An international research collaboration called Solve-RD is using a multi-omics and data sharing approach to improve diagnostic outcomes for patients with rare diseases.
The project was set up 3 years ago and has so far included more than 300 clinicians, researchers and patient representatives from 15 countries including Germany, France, the U.K., Spain, Italy and the U.S., among others.
This week, the first results from the consortium, which has funding from the European Union’s Horizon 2020 program, have been published in a series of six papers in the European Journal of Human Genetics.
Rare diseases often have a genetic component and can be hard to diagnose and treat, as so few patients are affected. Clinical geneticists already broadly share data for this reason, but the Solve-RD project has broadened this out to a much wider scale.
The focus of the Solve-RD project is to use pooled research resources to re-analyze data from more than 19,000 individuals with rare diseases of unknown molecular origin and also to apply new combined ‘omics approaches to improve diagnostic and prognostic information in this area.
The work is ongoing, but already 8,393 individuals have had their data reanalyzed resulting in 255 new diagnoses with the help of new tools such as the ClinVar database.
The consortium has also been able to focus in on some specific conditions. For example, they have identified a new gene—TRIP4—with a variant though to cause pontocerebellar hypoplasia type 1, a rare condition that affects brain development. Previously variants in four other genes have been linked to this condition.
The researchers have also managed to find the genetic cause of a complex neurological disorder in a young man—a mitochondrial DNA variant, MT-TL1. In addition, they managed to identify a mosaic missense variant in the gene PIK3CA behind a case of diffuse gastric cancer in a young woman with no family history of the condition.

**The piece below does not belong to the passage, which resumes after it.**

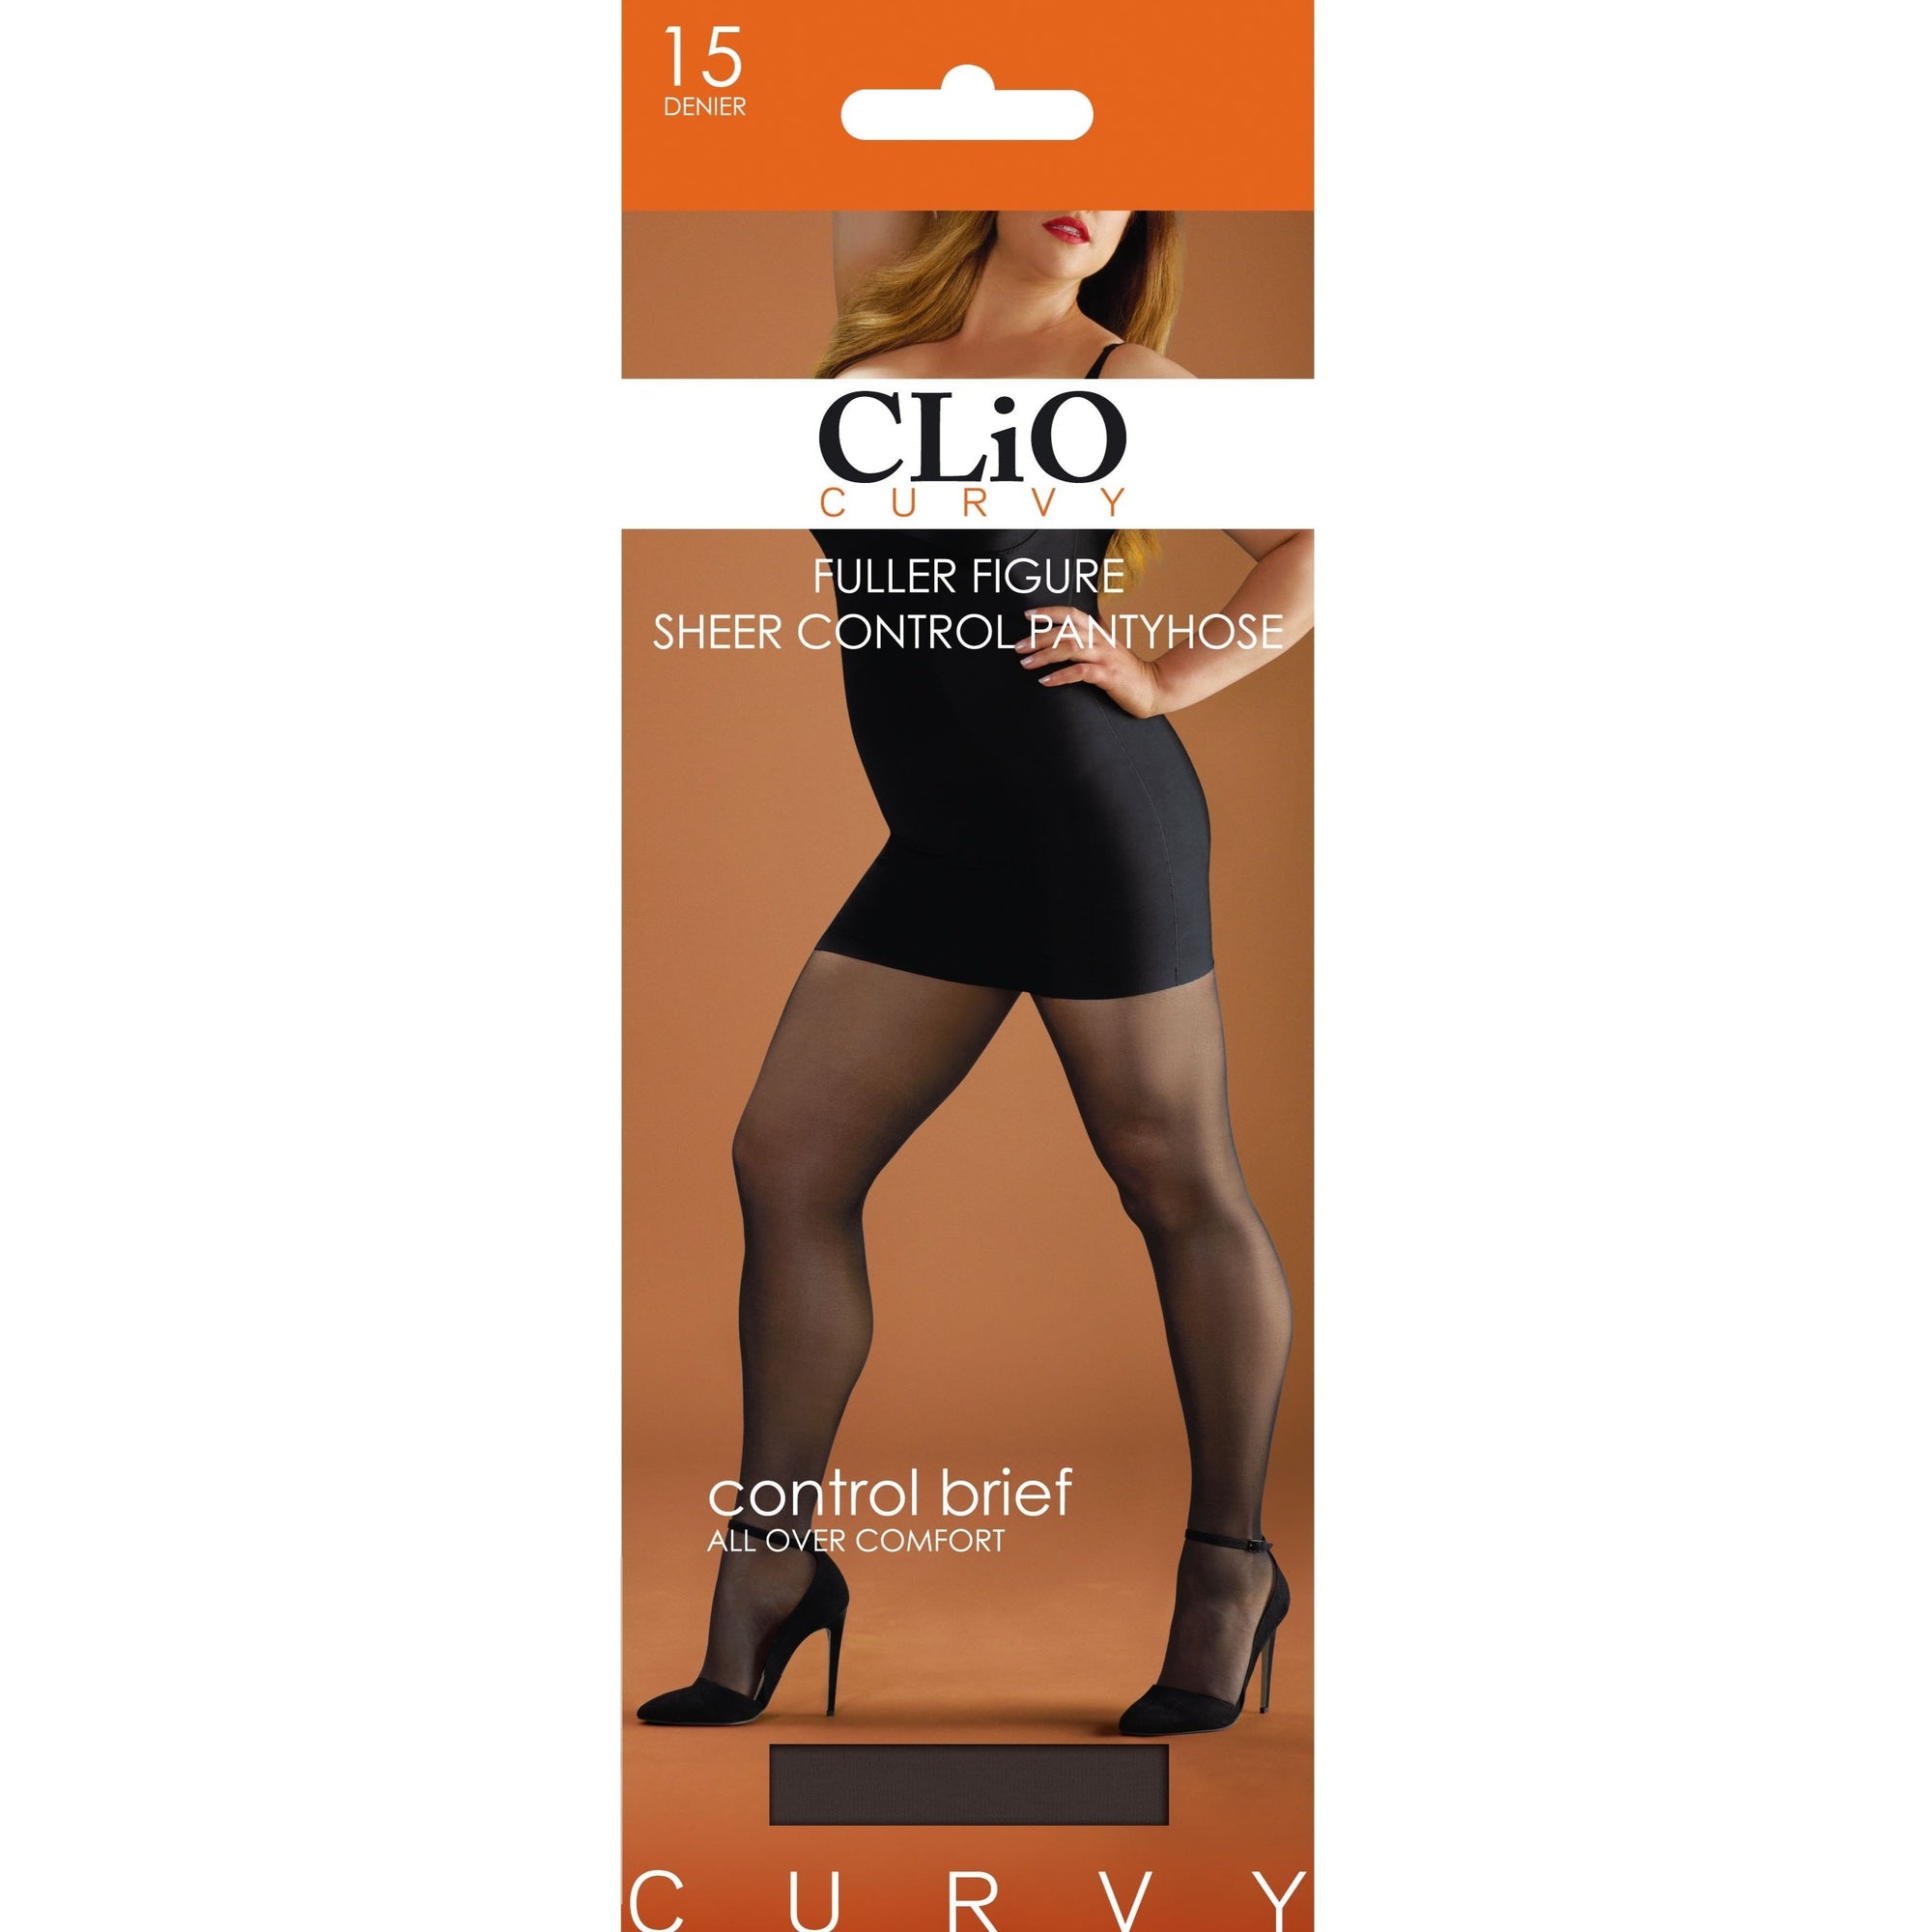 Clio Curvy Fuller Figure Sheer Control

The RD-Connect Genome-Phenome Analysis Platform was set up as part of the project and has played a key role in helping to reanalyze the data. The online platform is hosted and coordinated by the Centro Nacional de Analisis Genomico, part of the Centre for Genomic Regulation, based in Barcelona. It provides secure access to both phenotypic and genomic rare disease data for researchers working in the field.
“Solve-RD has shown that it is possible to securely share large amounts of genomics data internationally for the benefit of the patients. The work we are publishing today is just the tip of the iceberg, since many more patients are being diagnosed thanks to the innovative methods developed and applied within Solve-RD,” commented Sergi Beltran, Ph.D., co-leader of Solve-RD data analysis and Head of the Bioinformatics Unit at the Centro Nacional de Analisis Genomico, in a press statement.
Solve RD has funding until at least 2022 and will continue to analyze data from its collaborators. “We hope that the Solve-RD dataset will be as useful to the RD community as the gnomAD consortium is for the genomics community, by making -omics data of RD populations available to the community,” write the authors of the summary paper about the collaboration.